Associated Doctoral Students

Contacts

Supervisors:

Sören Lukassen (Charité Universitätsmedizin)

Roland Eils (Charité Universitätsmedizin)

Glioblastoma is the deadliest type of brain cancer. The goal of this project is to help clinicians treat Glioblastoma patients in a way that not only maximizes their survival time, but also improves their quality of life.

To treat Glioblastoma patients, a tri-modal therapy including surgery, Radiation Therapy (RT) and chemotherapy is prescribed. The effectiveness of the surgery and RT is heavily dependent on the analysis and quality of the obtained medical images. By improving Computer-Assisted Interventions (CAI) for image guided RT in brain tumor patients, we aim to improve the effectiveness of RT in Glioblastoma.

To enable CAI using Deep Learning (DL) methods, a large amount of labelled data is necessary. These labels can only be generated by medical experts and are not only time consuming and expensive to generate, but they can also be subjective or even erroneous. Using Self-Supervised Learning (SSL) methods, we use the intrinsic information of medical images as artificial labels to train large DL methods. This enables us to train on a large amount of data and mitigate and explore potential biases of the model. Based on the pre-trained SSL models, we will automate the time consuming and error prone tasks of Target Volume (TV) and the Organ At Risk (OAR) segmentation. Additionally, we will build an interpretable DL model to predict the settings of the RT and the absorbed radiation dose. This model will enable clinicians to experiment with a wide range of RT settings to better personalize the treatment for a given patient.

Peer-reviewed Publications (journal or conference)

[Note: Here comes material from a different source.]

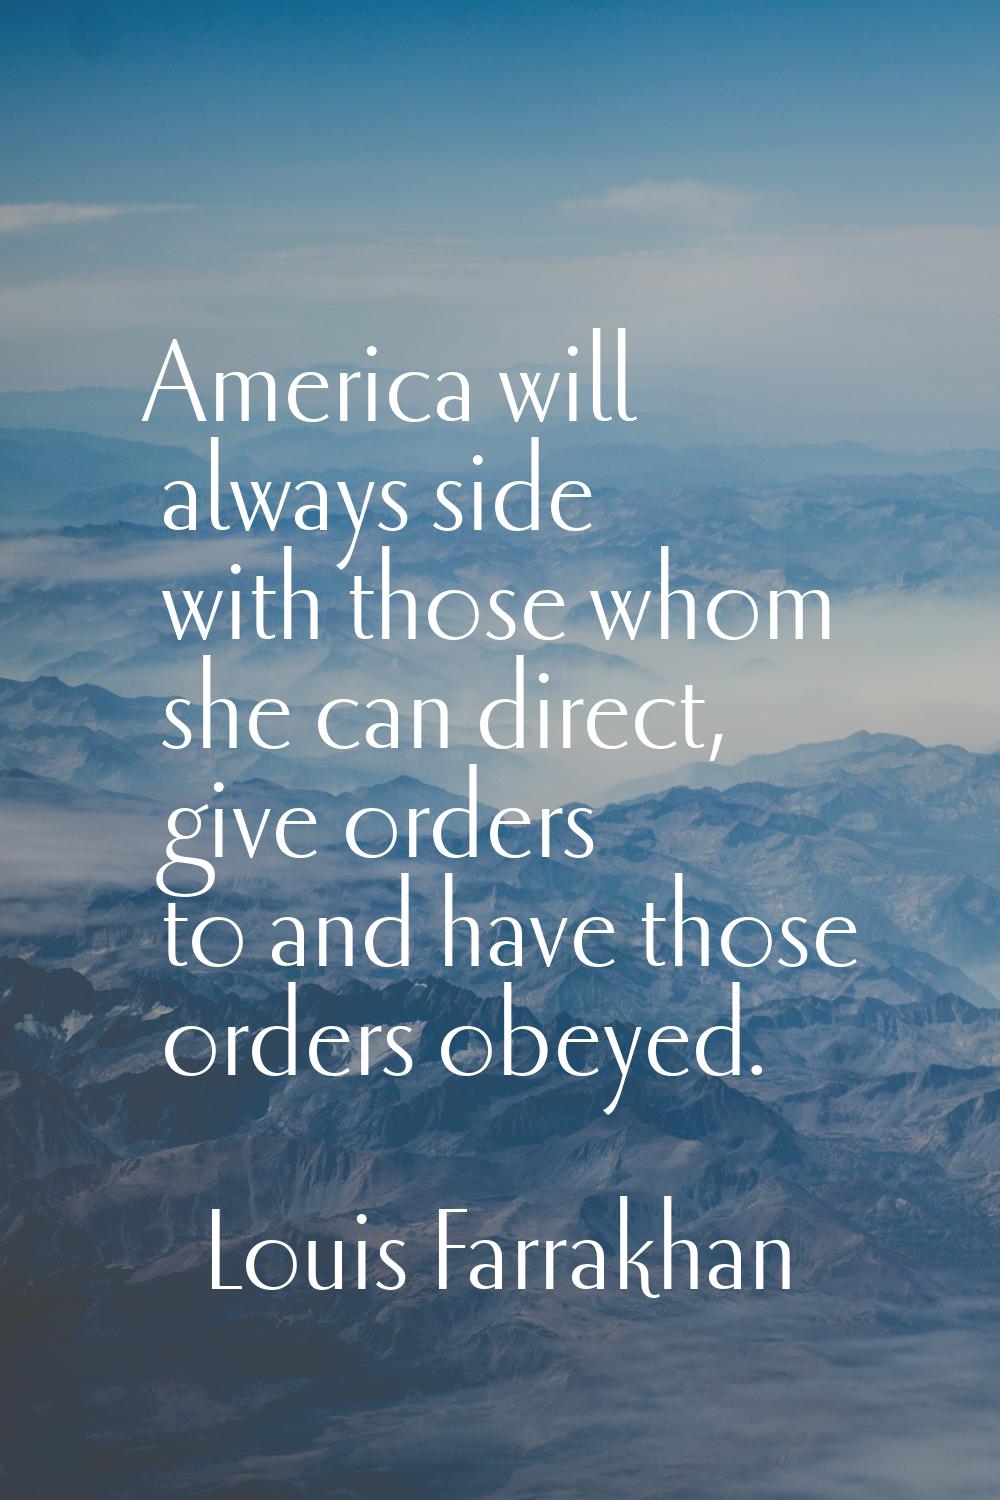 America will always side with those whom she can direct, give orders to and have those orders obeye

1. F.W. Ten, D. Yuan, N. Jabareen, Y.J. Phua, R. Eils, S. Lukassen, and C. Conrad (2023). resVAE ensemble: Unsupervised identification of gene sets in multi-modal single-cell sequencing data using deep ensembles. Frontiers in Cell and Developmental Biology, 11, 104.
   https://doi.org/10.3389/fcell.2023.1091047
2. N. Jabareen and S. Lukassen (2022). Segmenting Brain Tumors in Multi-modal MRI Scans Using a 3D SegNet Architecture. In: Crimi, A., Bakas, S. (eds) Brainlesion: Glioma, Multiple Sclerosis, Stroke and Traumatic Brain Injuries. BrainLes 2021. Lecture Notes in Computer Science, vol 12962. Springer, Cham. https://doi.org/10.1007/978-3-031-08999-2_32

Other (presentations at conferences or preprints)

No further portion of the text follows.